“Querida Grande Imprensa, eu queria lembrá-la de outras pautas indígenas esquecidas; crianças mortas, povos confinados, apartheid; nunca será tarde”
Alceu Luís Castilho*
Querida Grande Imprensa,
Vejo que, finalmente, você percebeu que um bebê de 2 anos foi degolado em Santa Catarina. O Estadão até publicou um texto, nesta quinta-feira, lá nos confins de uma página interna, três dias após a jornalista Eliane Brum acabar de escancarar o caso, em sua coluna no El País Brasil
– e uma semana após identificarmos, na mídia contra-hegemônica, a
omissão dos grandes jornais. Expus essa angústia, no dia 31 de dezembro:
Eu, leitor, à espera de notícias sobre um bebê indígena assassinado. Pena que O Globo não deu as matérias do G1 na edição impressa. A Folha a gente segue aguardando.

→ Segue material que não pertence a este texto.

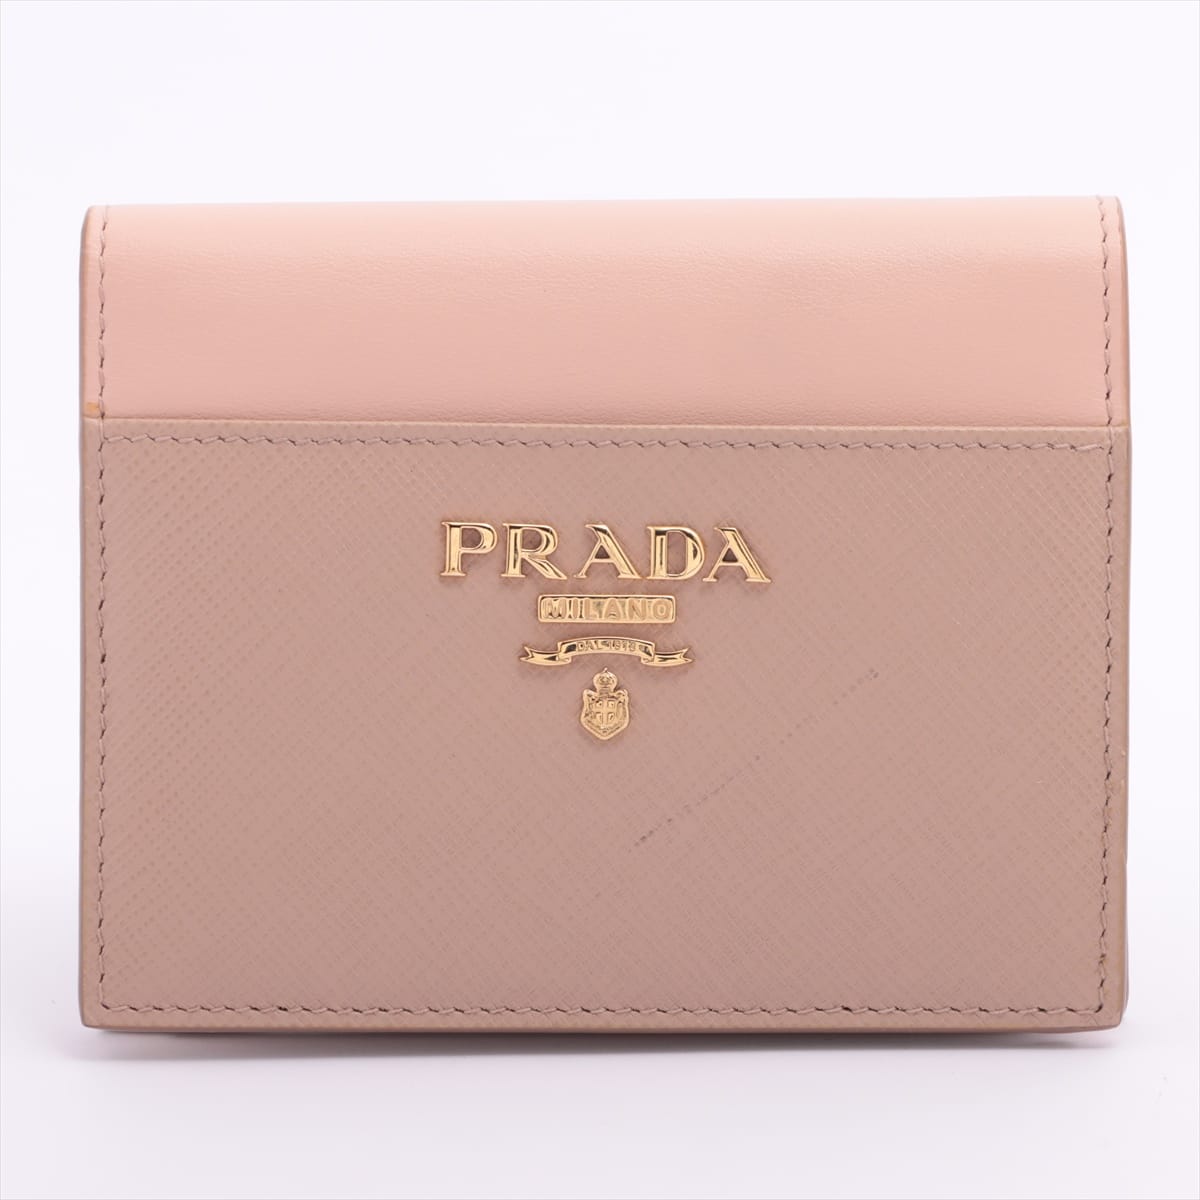 Prada Saffiano Leather Compact Wallet Beige

E nem era tão longe, né? Foi ali, em Santa Catarina. Mas que bom que
deu tempo. Nunca será tarde demais. Aproveitando, então, o interesse
demonstrado pela morte de Vítor Pinto, e supondo que não seja ocasional a
preocupação com o bebê Kaingang, sugiro que a Senhora coloque em pauta
outros exemplos do massacre sistemático praticado contra os povos
indígenas no país. Um caso antigo, ainda mais antigo que a história de
Estadão, Folha, O Globo – todas as suas histórias somadas. É a história
de um genocídio – de cabeças arrancadas, etnias inteiras dizimadas ou
extintas, confinadas, espoliadas.
Por exemplo, o massacre dos Guarani Kaiowá, no Mato Grosso do Sul. Estão para ser despejados 4 mil indígenas
na região de Japorã. Eu adoraria ir ao local, mas não tenho recursos.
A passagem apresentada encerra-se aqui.